Emotional Supporters often Use Multiple Strategies in a Single Turn
Xin Bai, Guanyi Chen, Tingting He, Chenlian Zhou, Yu Liu
TL;DR
This work reveals that emotional supporters often deploy multiple strategies within a single turn, a pattern overlooked by prior ESC task formulations. By analyzing the ESConv dataset, the authors redefine the ESC task to generate complete strategy–utterance sequences in a single supporter turn, and preprocess ESConv into variants for training models that explicitly model consecutive strategy usage. They evaluate three supervised approaches (MCC, MTL, CP) and prompt-based LLMs, finding that, under the refined task, LLMs (notably GPT-4o and DeepSeek-R1) outperform both supervised models and human supporters in human evaluations, while CP best captures exact strategy sequences and EMR/LR. These results challenge prior claims about LLM limitations in ESC and demonstrate that task formulation critically shapes model performance, with LLMs showing strong holistic support capabilities, including asking questions and offering concrete suggestions. The work highlights new evaluation metrics (EMR, LR, ALD) tailored to multi-strategy generation and suggests future work in robust, multi-turn, expert-evaluated assessments.
Abstract
Emotional Support Conversations (ESC) are crucial for providing empathy, validation, and actionable guidance to individuals in distress. However, existing definitions of the ESC task oversimplify the structure of supportive responses, typically modelling them as single strategy-utterance pairs. Through a detailed corpus analysis of the ESConv dataset, we identify a common yet previously overlooked phenomenon: emotional supporters often employ multiple strategies consecutively within a single turn.
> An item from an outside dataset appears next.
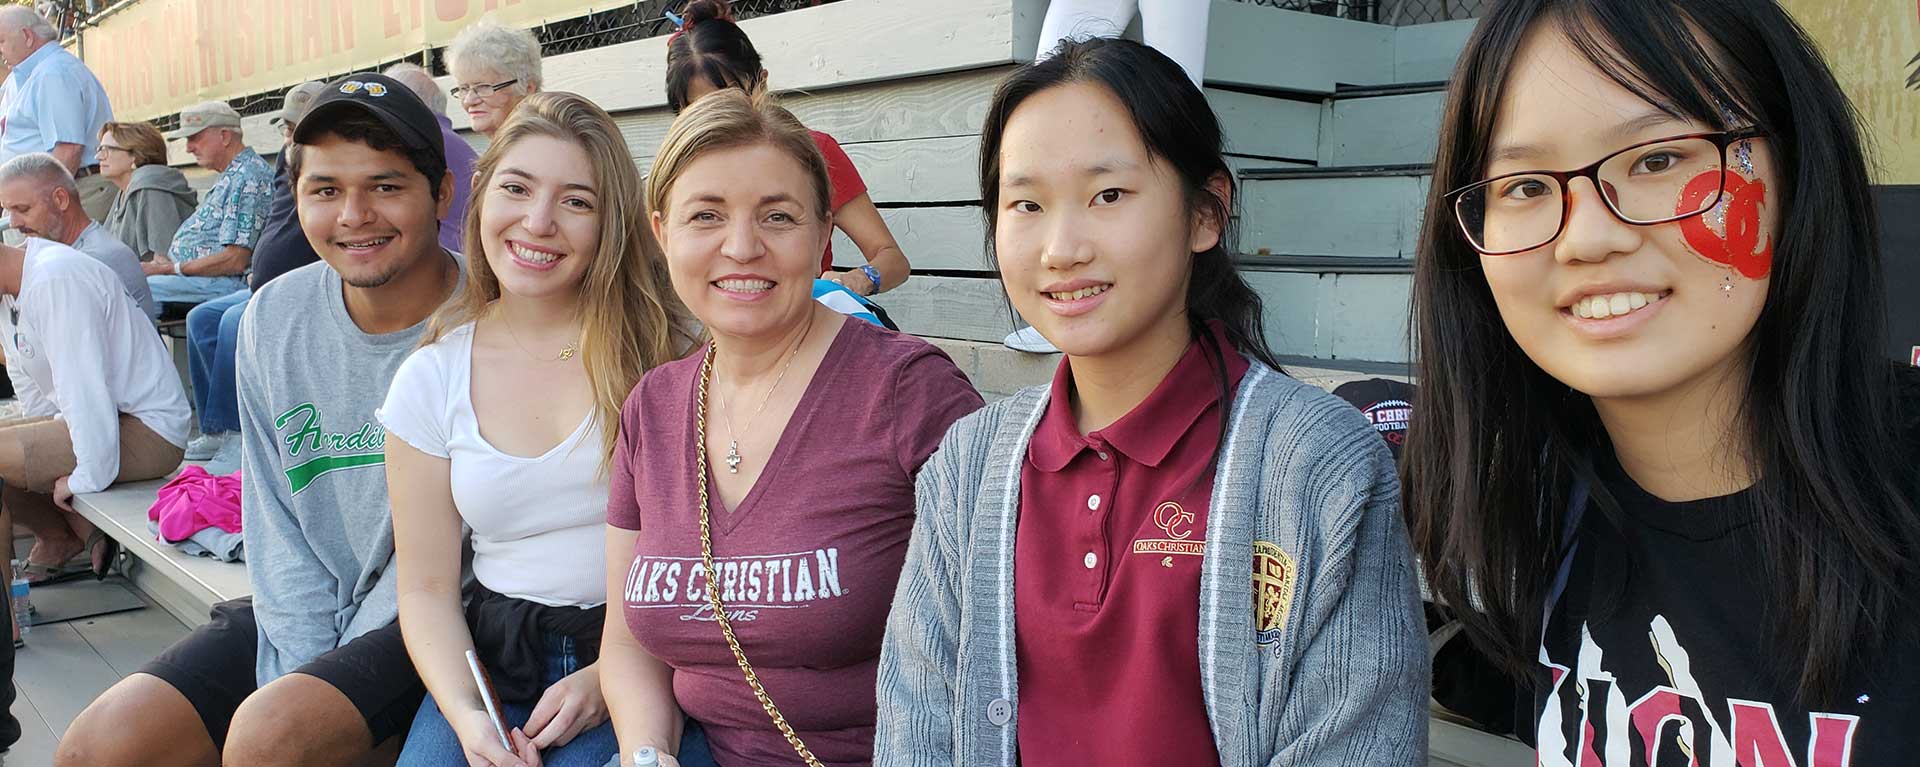 Top boarding schools in the U.S. Oaks Christian homestay program offers unique living options

We formally redefine the ESC task to account for this, proposing a revised formulation that requires generating the full sequence of strategy-utterance pairs given a dialogue history. To facilitate this refined task, we introduce several modelling approaches, including supervised deep learning models and large language models. Our experiments show that, under this redefined task, state-of-the-art LLMs outperform both supervised models and human supporters. Notably, contrary to some earlier findings, we observe that LLMs frequently ask questions and provide suggestions, demonstrating more holistic support capabilities.